It’s a warm last day of May and the sun is high up on the sky as we arrive, in the little motorboat, at Fejan, in Stockholm’s outer archipelago. “Look at the new terrace,” Pelle Lydmar exclaims, and points up towards the house. “There are lot of things going on now” he continues. The restoration work is still going full-tilt, with only a couple of weeks to go until the opening. At the same time it’s peaceful and quiet on the little island. They have been working on this old restaurant project for several months and have now finally made it in to the last stretch.
Everything began on a late night last year. “I was at home, watching TV when I got a message from a friend that Skärgårdsstiftelsen (The Archipelago Foundation) were looking for a new tenant for Fejan. I applied immediately and early the following morning they called me up and asked if I wanted to take over,” Pelle explains. There has been an archipelago restaurant and a hostel on the island since the 1990s, but ever since the fire in 2015 it’s been been empty. When they once again open up the operation under the stewardship of Pelle Lydmar, together with Elias Eliasson, Madde Olofsson and Kalle Landqvist, there will be the restaurant, a hostel, two houses for rent, a conference space and a sauna just beside the ocean.

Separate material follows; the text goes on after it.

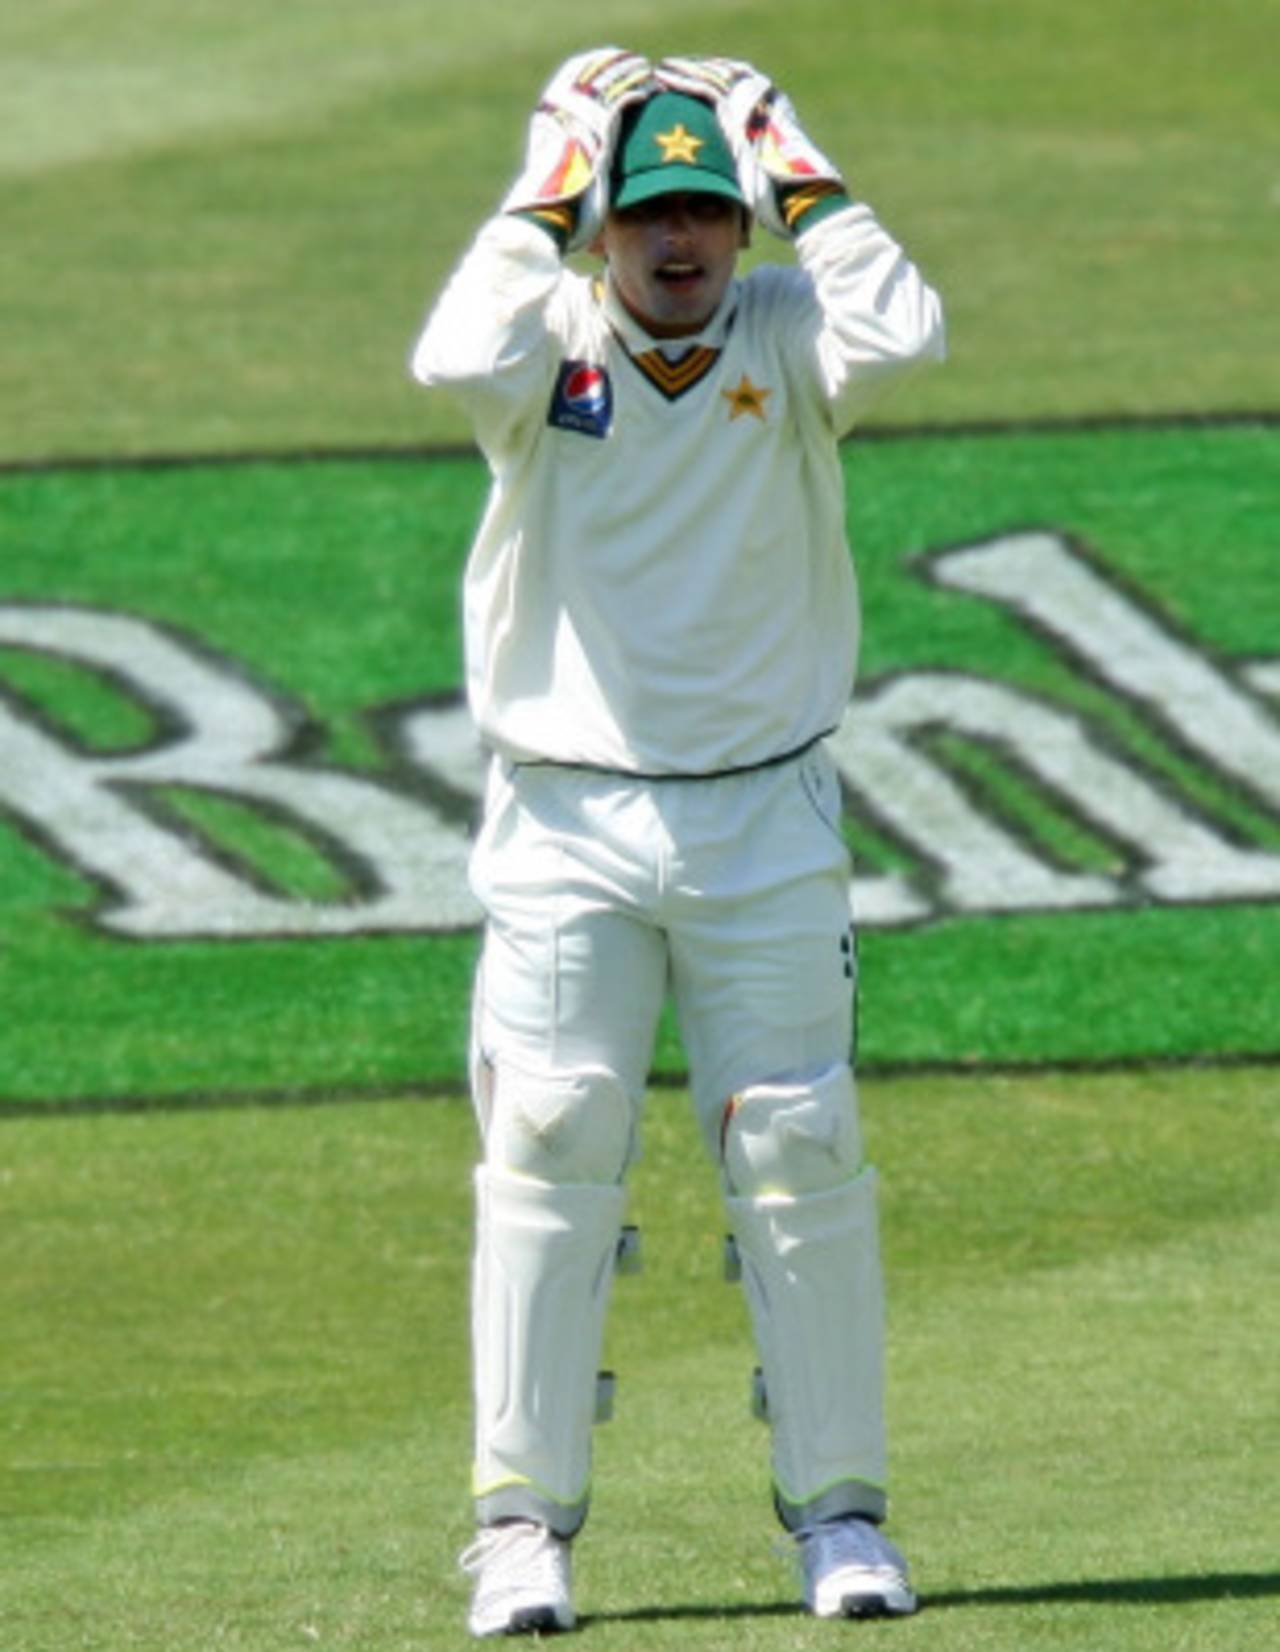 Adnan Akmal holds his cap on a windy day, New Zealand v Pakistan, 2nd Test, Wellington, 2nd day, January 16, 2011

The motto is ‘simple and generous’. It’s a common thread throughout the whole operation. For them it’s not about making money, the motivation is creating that real archipelago experience. “This is a thing you very much do with your heart. You are a part of the archipelago and you play your part. That’s a lot more important than making money. My business goal is the happiness from running this place, not to make money,” Pelle says. For him the archipelago is a near-sacred place. He tells me that he spent more or less the whole summers there as a kid. “I kind of find satisfaction, all the way out here at the edges of the archipelago. I’m crazy about the ocean.” You reach the little island in about ten minutes with your own boat or around half an hour with the public boat from Räfsnäs outside of Norrtälje.
Just above the pier there’s a red house with a large porch that weaves halfway around the building. The house is completely new-built and replaces the house that burned down. Inside we’re met by what will soon be a dining room. So far there’s no furniture, but shortly the large, light room will be adorned by armchairs, couches as well as dining tables and bar tables, plus an open kitchen. “It will be very mixed, high and low, we want it to have the feeling of someone’s living room in here,” Pelle says as he points around the room. The restaurant will offer authentic archipelago food, especially fish. Furthermore, they put emphasis on the food being locally-sourced. At the moment they are working towards a license to buy fish directly from the local fishermen.
A bit further into the island lies what will function as the hostel. The house has its own history. At the end of the 1800s and up until the 1930s, Fejan was as a quarantine station for the cholera-infected. The building that today is going to become a hostel was then established as the Wasa Hospital. The house next door is the so called Villa Kongo, one of the houses available for rent. Pelle and Elias explains that the house was originally intended to be a missionary station in the Congo, but for some reason ended up on Fejan in the Stockholm archipelago. The reason for the building being so unusually tall, they guess, is the warm climate in the Congo. Today, there are only six people who live on the island year-round, and 40 or so guests who move here during the summer months. “Everyone is very positive about us re-opening. But it’s all about working together with the locals. We cannot come here as Stockholmers and just think that we can do this. That’s why it’s so important to have a good attitude and collaborate with the locals.” Pelle, already behind places like Strandvägen 1, Lydmar Hotel and Eataly Stockholm in the city, points out that the operation at Fejan differs very much from his other ventures. “In the city, the competition is very strong, out here it’s less of an issue. It’s the archipelago experience that is important. Plus the season is very short. If you do this, you’re only doing it with your heart”.